In U.S. vs. DaVita et al., the Denver-based kidney dialysis specialists and Thiry were charged in three separate conspiracies with rival healthcare companies to suppress competition for some employees from 2012 through June 2019.

O'Brien, who observed the trial, says prosecutors failed to show "beyond a reasonable doubt that the defendants entered into these alleged no poach agreements with the purpose of allocating the market."

"The defense conceded the agreement but hinged the defense on providing context, including strategic business reasons and friendships," O'Brien says. "The defense brought these issues out on cross and also were allowed to present an economist as an expert witness to provide opinions that the movement of employees and wage data was inconsistent with a market allocation agreement and did not result in the widespread harm the government theoretically alleged.

O'Brien says the jury appeared to focus on the context of the agreements and the expert testimony "and could not find that the purpose of the conceded agreements was to allocate the market as defined."

Since the DaVita case was brought forward in 2021, DOJ has filed another five no-poach cases, including one against Surgical Care Affiliates LLC, an alleged co-conspirator with DaVita. O'Brien doesn't believe that DOJ will have much success in those cases, either.

"Since 2016 the Antitrust Division has said prosecuting wage-fixing and no-poach cases is a top priority.  They do not seem ready to concede defeat or back down," O'Brien says. "But in the DaVita case the defendants conceded the agreement – typically the heart of an antitrust crime – and they did not win."

"There were defense victories in the DaVita case beyond the acquittals," she said. "The court's findings on the motion to dismiss and jury findings will be helpful to defendants in pending no poach cases."

Instead of criminal prosecution, O'Brien says DOJ should pursue civil charges, or press for legislative changes.

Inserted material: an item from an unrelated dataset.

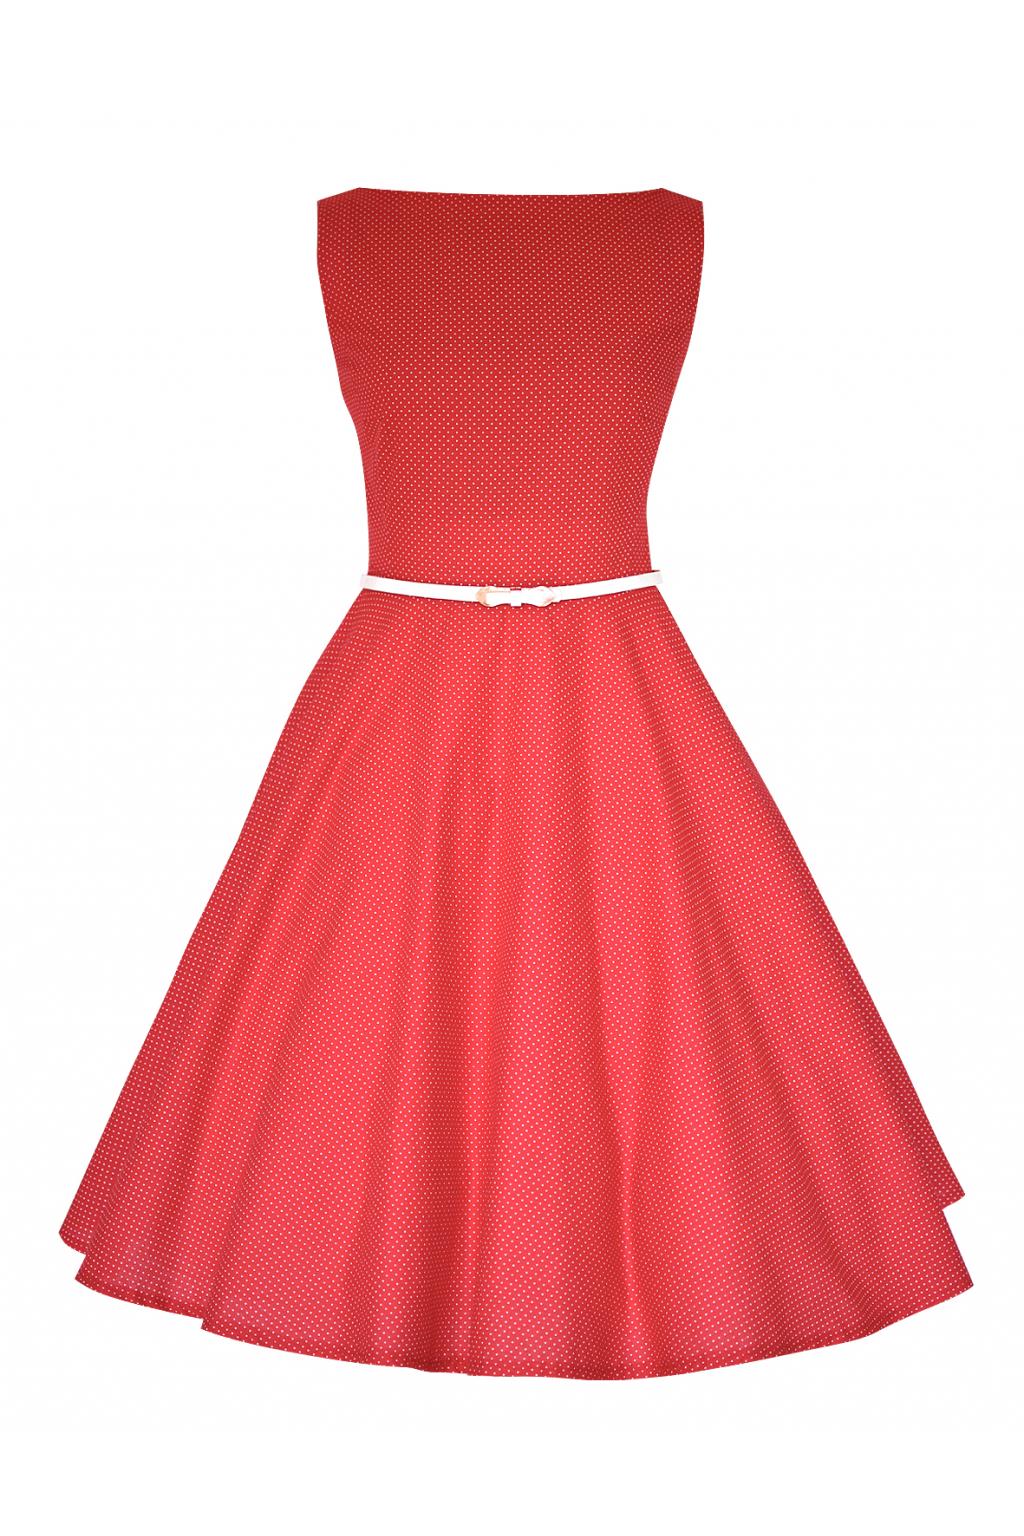 SUSAN retro šaty červené s mini puntíkem
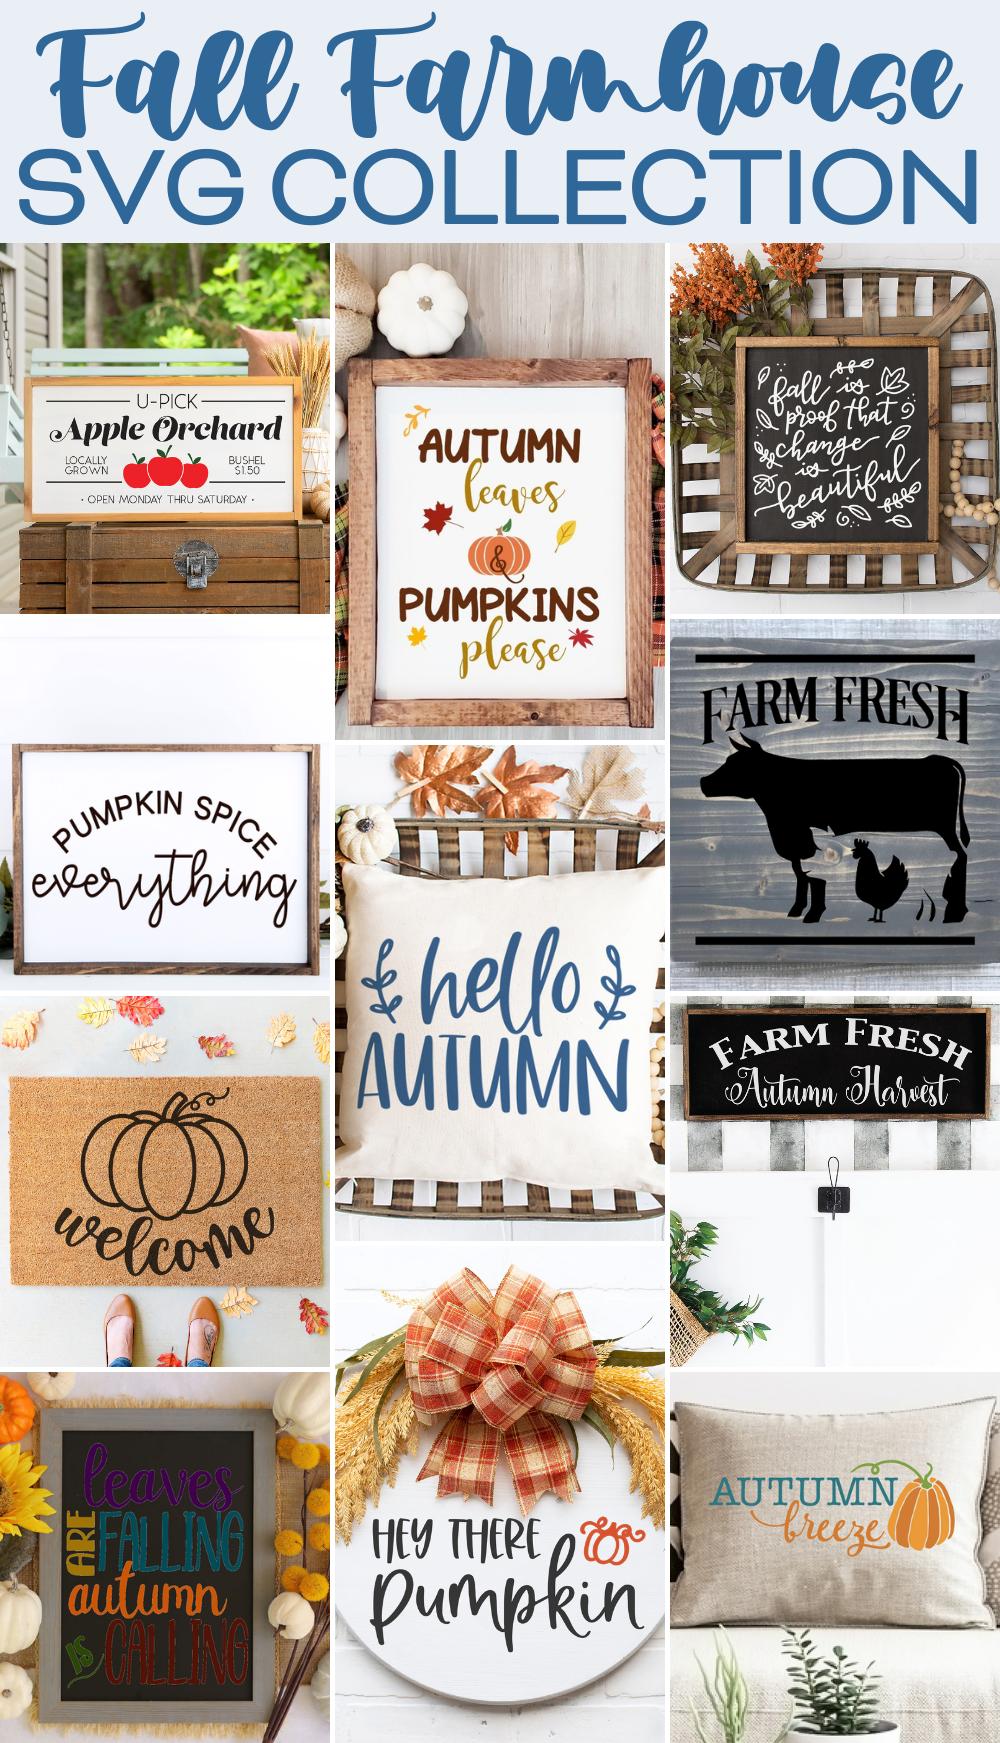 Fall Farmhoue SVG Collection - 11 Fall Farmhouse SVG cut files.

"The Antitrust Division should be thinking long and hard about its ability to win these cases and whether they should be brought under the principles of federal prosecution," she says.

“Defense counsel often put 'labor market' in quotes because people are not widgets and labor is not a proper antitrust market.”

John Commins is a content specialist and online news editor for HealthLeaders, a Simplify Compliance brand.

Photo credit: WASHINGTON, DC - SEPTEMBER 10: Sign for the Department of Justice (DOJ) in Washington, DC on September 10, 2016. By Mark Van Scyoc / Shutterstock


KEY TAKEAWAYS

In U.S. vs. DaVita et al., the Denver-based kidney dialysis specialists and former CEO Kent Thiry were charged in three separate conspiracies with rival healthcare companies to suppress competition for some employees from 2012 through June 2019.

Critics note that DOJ is attempting to gain criminal convictions for labor market practices that have traditionally been prosecuted as civil offenses.

Since the DaVita case was brought forward in 2021, DOJ has filed another five no-poach cases, including one against Surgical Care Affiliates LLC, an alleged co-conspirator with DaVita.